Ironicamente, esta frase é muito utilizada pela apologética romana para tentar demonstrar que Agostinho acreditava ser a palavra do bispo de Roma a decisão final em matéria doutrinária. No entanto, Agostinho proferiu-a num contexto histórico que contradiz diretamente esse uso apologético.

Agostinho e os bispos de Cartago excomungaram Pelágio e o seu principal seguidor, Celéstio, num sínodo local. O bispo de Roma, Inocêncio I, concordou com esta decisão e apoiou-a oficialmente. Contudo, o sucessor de Inocêncio na Sé romana, Zósimo, enganado por confissões de fé ambíguas apresentadas pelos pelagianos, anulou a decisão de Inocêncio e pediu a Agostinho e aos bispos africanos que aceitassem a reabilitação dos acusados.

Em resposta, Agostinho e os bispos cartagineses reuniram-se num novo sínodo (com a presença de cerca de 200 bispos), no qual rejeitaram a decisão de Zósimo e reafirmaram a condenação de Pelágio. Só após investigações adicionais e sob a firme oposição dos bispos africanos é que Zósimo recuou, alterou a sua posição e confirmou a condenação do pelagianismo.
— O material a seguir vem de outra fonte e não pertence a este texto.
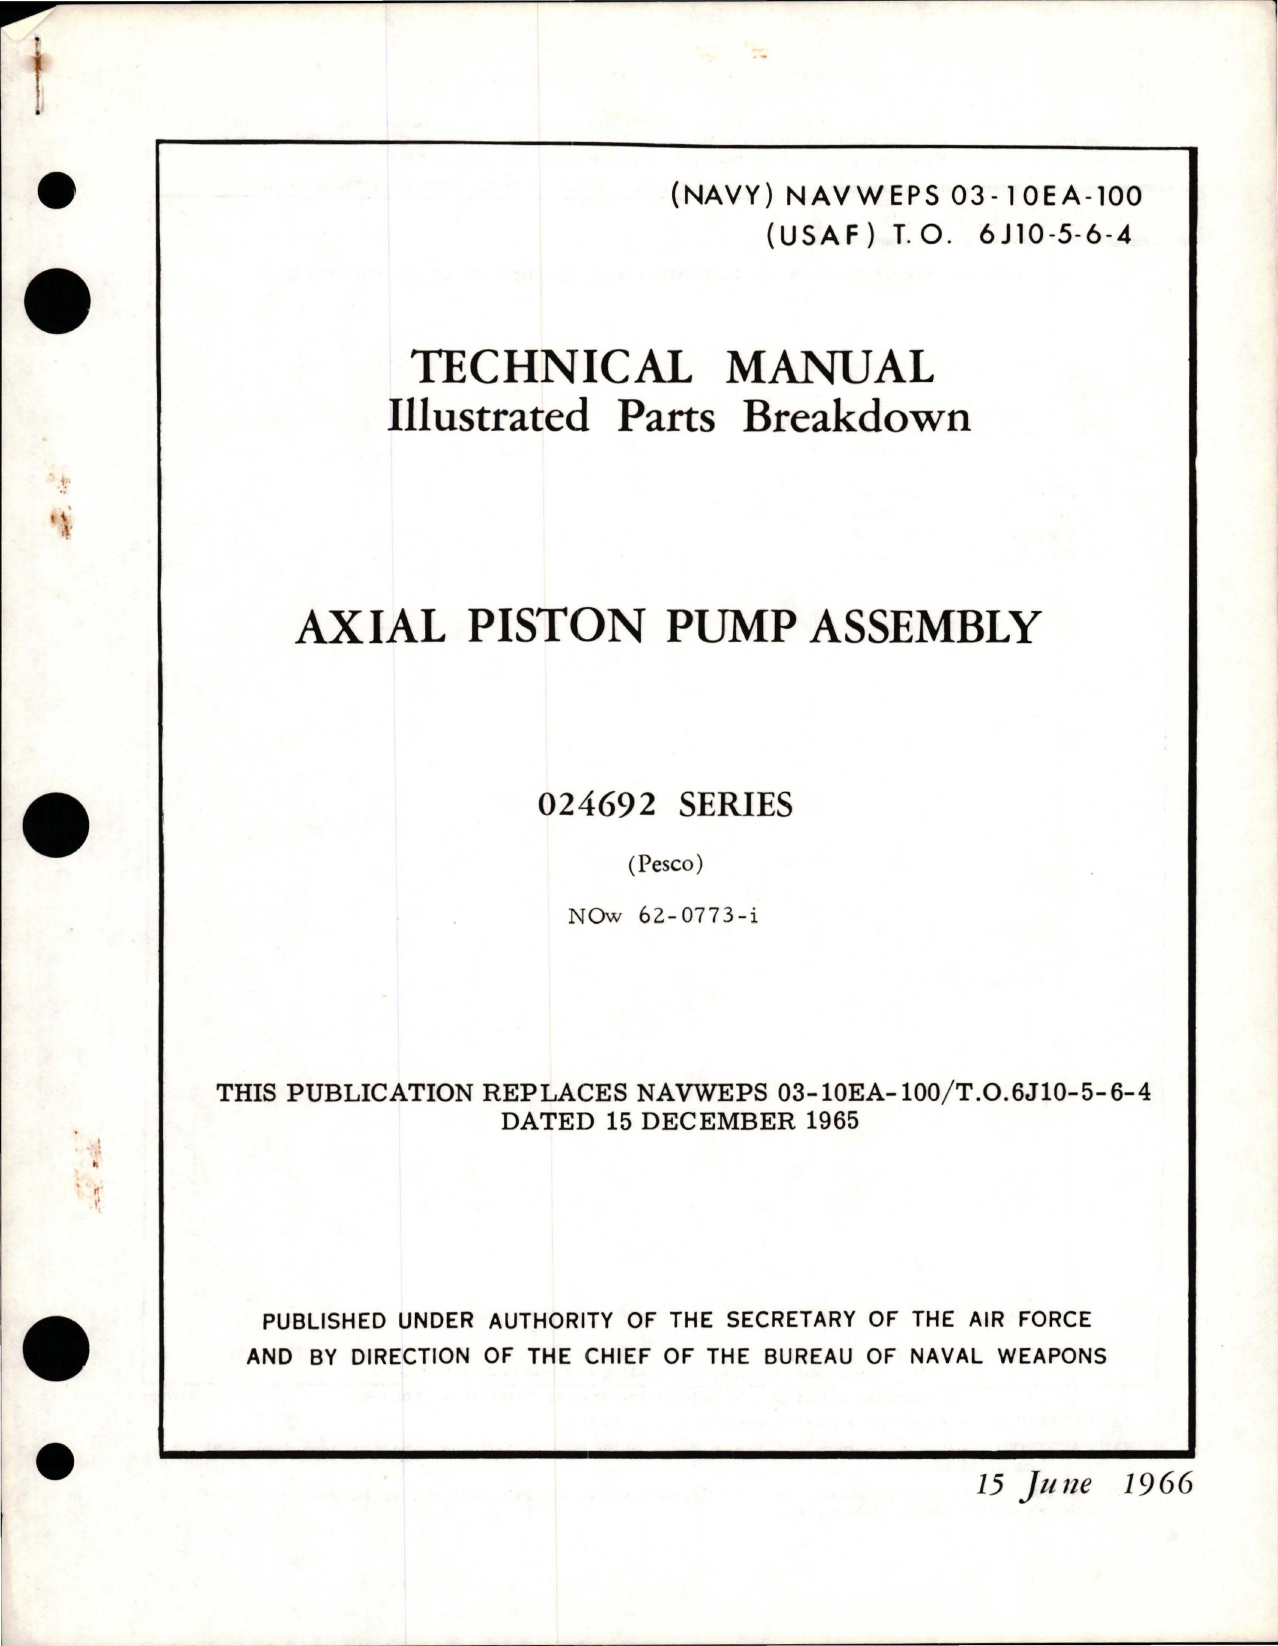 Sample page 1 from AirCorps Library document: Illustrated Parts Breakdown for Axial Piston Pump Assembly - 024692 Series

É fundamental notar que foi antes de todas estas reviravoltas que Agostinho proferiu a célebre declaração no seu Sermão 131:

«Jam enim de hac causa duo concilia missa sunt ad sedem apostolicam; inde etiam rescripta venerunt; causa finita est: Utinam aliquando finiatur error!»(Migne, PL 38:734)

Tradução: «Pois, sobre esta causa, já foram enviados dois concílios à Sé Apostólica, de onde também chegaram rescritos. A causa está encerrada; oxalá se encerre finalmente o erro!» 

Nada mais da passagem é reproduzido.